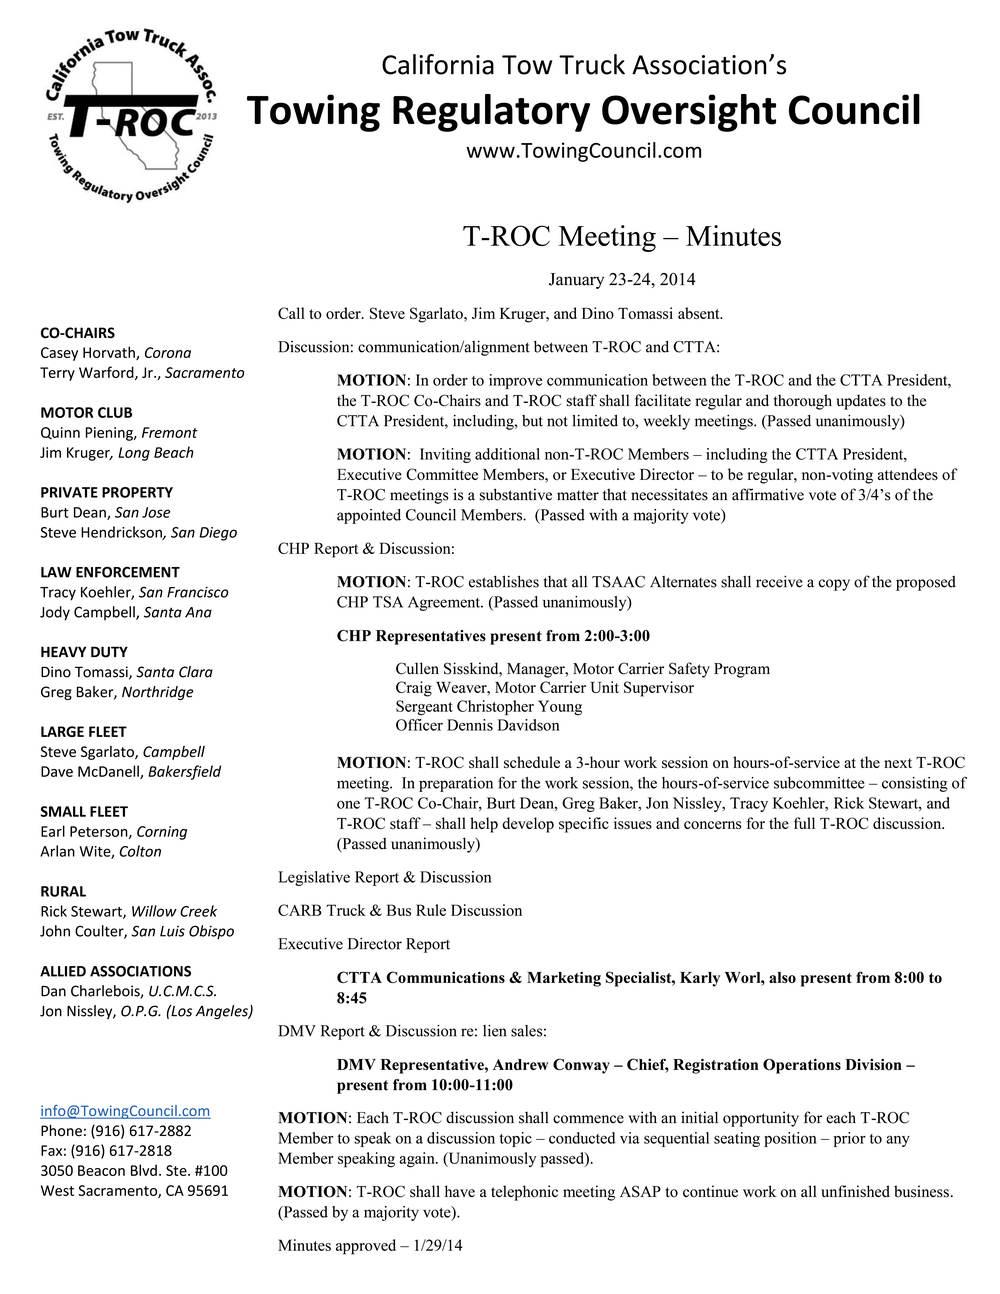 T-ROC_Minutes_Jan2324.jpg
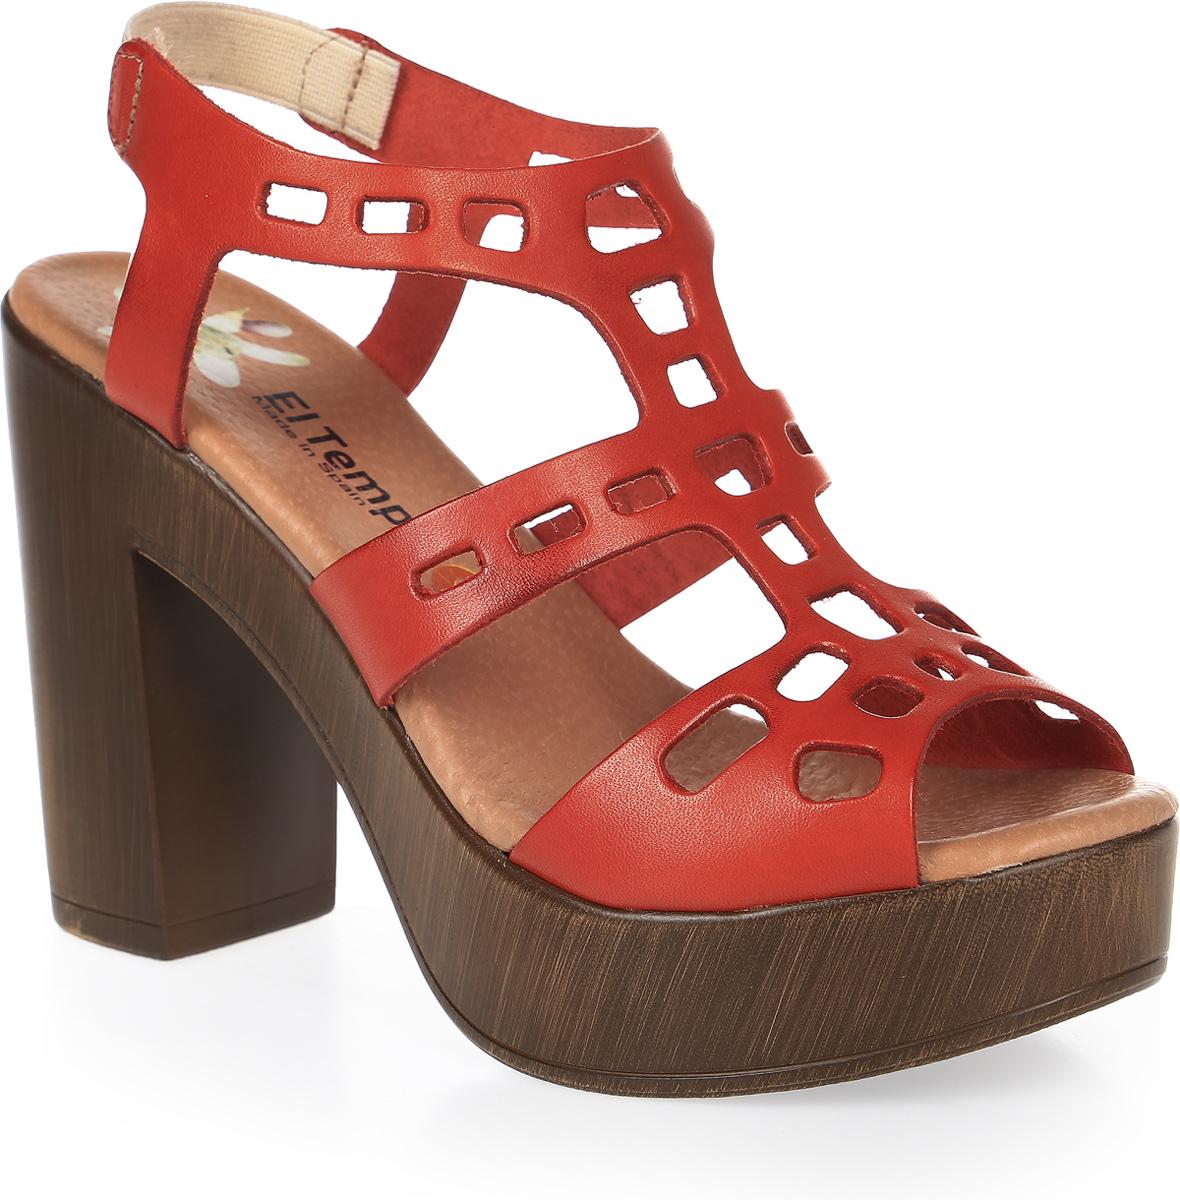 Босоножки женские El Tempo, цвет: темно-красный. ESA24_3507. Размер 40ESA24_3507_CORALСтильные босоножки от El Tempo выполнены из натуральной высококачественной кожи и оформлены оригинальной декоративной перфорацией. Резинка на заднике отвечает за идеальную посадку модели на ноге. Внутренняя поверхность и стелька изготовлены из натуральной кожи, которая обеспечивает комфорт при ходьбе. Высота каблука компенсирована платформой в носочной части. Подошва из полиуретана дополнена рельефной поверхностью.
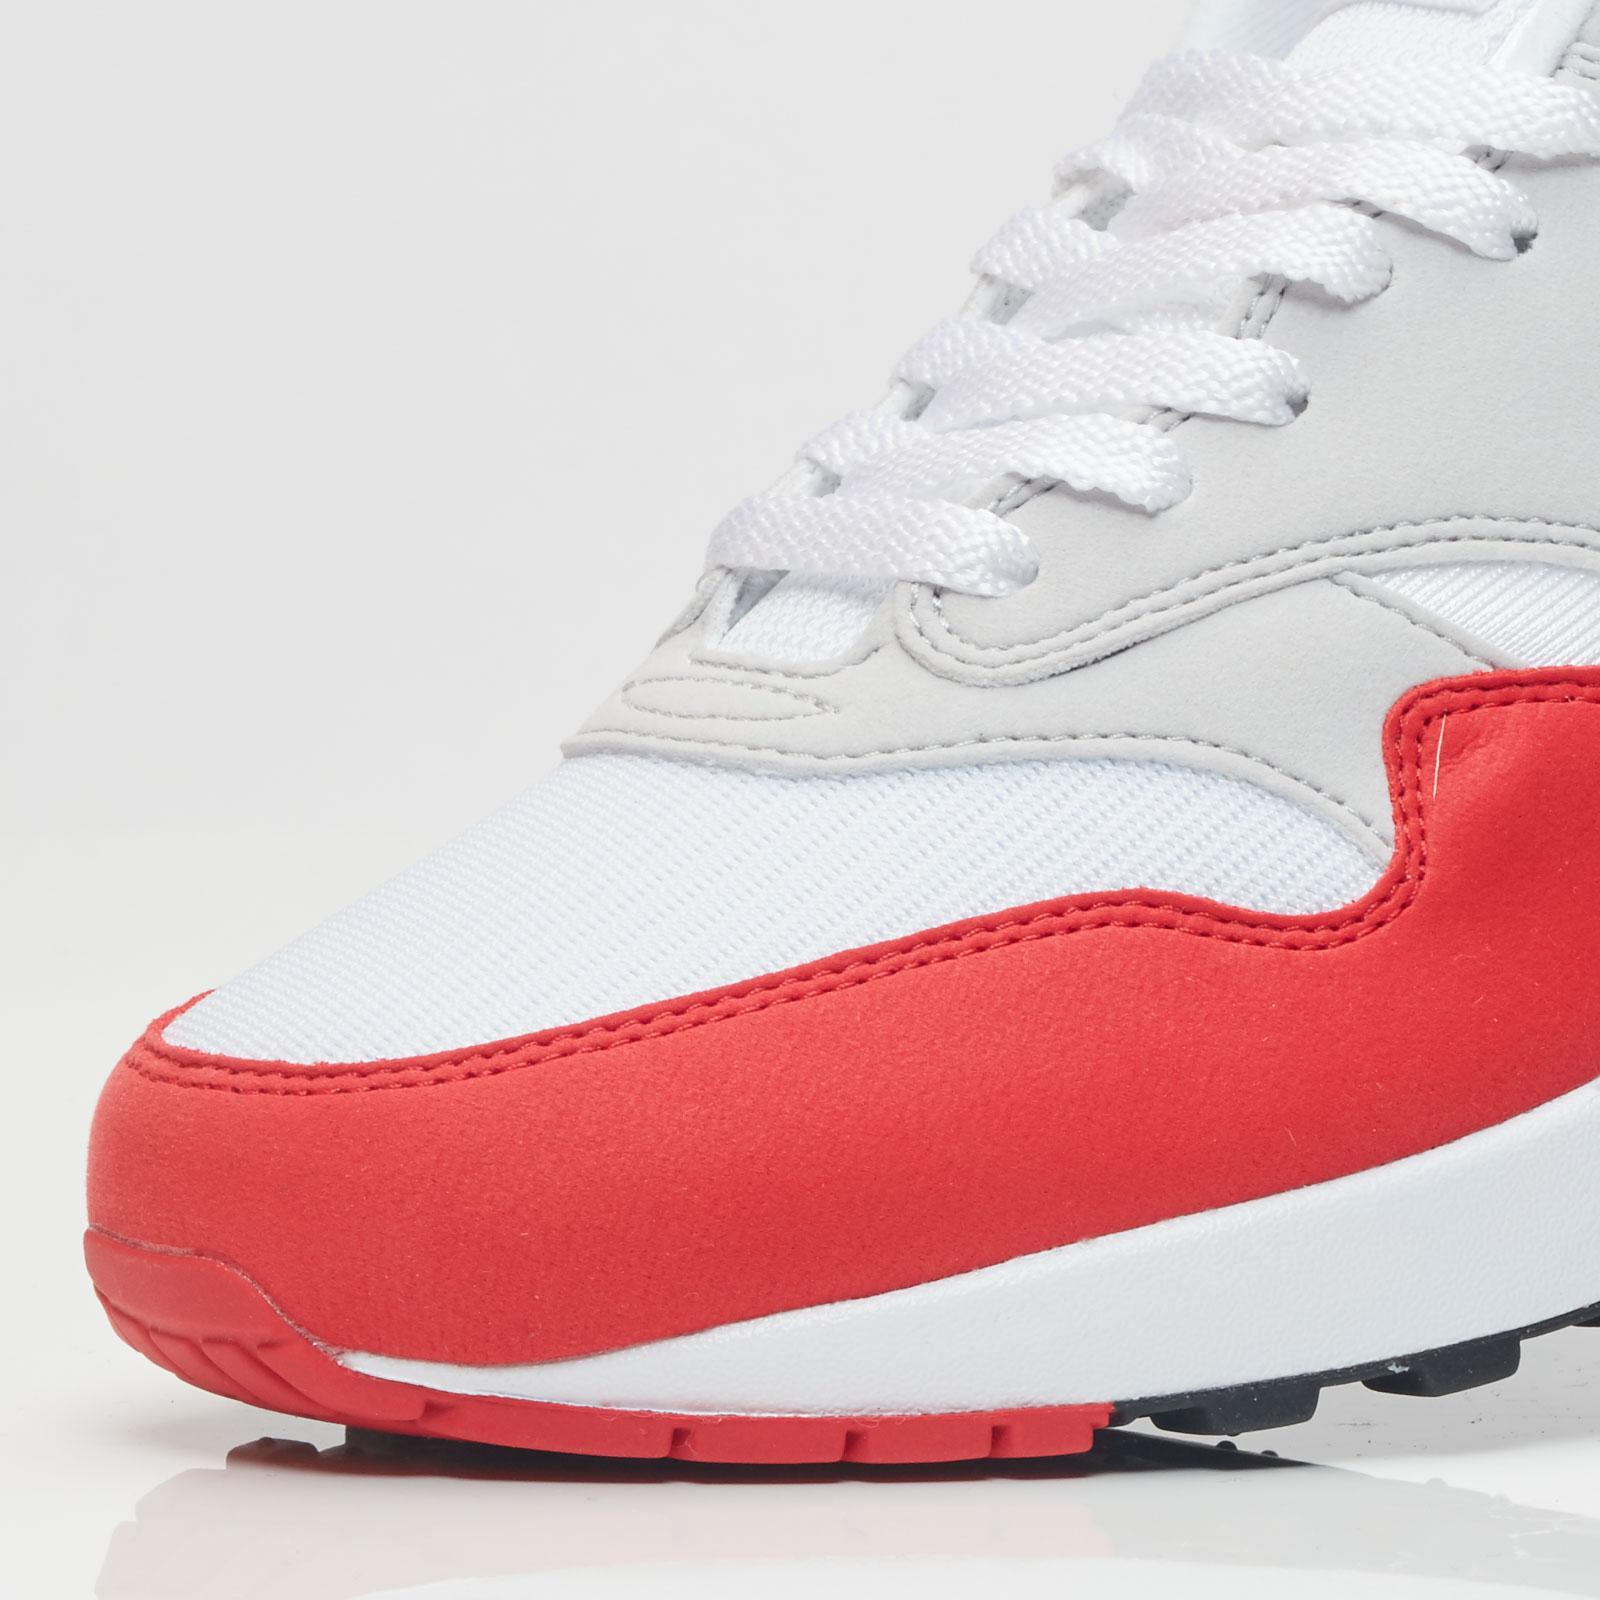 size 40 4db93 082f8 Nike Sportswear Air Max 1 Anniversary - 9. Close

#### EXERCISE DETAILS
The answer must repeat every line of the listing exactly and leave the pictures out.

#### REPLY
 T-ROC_Minutes_Jan2324.jpg
 Босоножки женские El Tempo, цвет: темно-красный. ESA24_3507. Размер 40ESA24_3507_CORALСтильные босоножки от El Tempo выполнены из натуральной высококачественной кожи и оформлены оригинальной декоративной перфорацией. Резинка на заднике отвечает за идеальную посадку модели на ноге. Внутренняя поверхность и стелька изготовлены из натуральной кожи, которая обеспечивает комфорт при ходьбе. Высота каблука компенсирована платформой в носочной части. Подошва из полиуретана дополнена рельефной поверхностью.
 size 40 4db93 082f8 Nike Sportswear Air Max 1 Anniversary - 9. Close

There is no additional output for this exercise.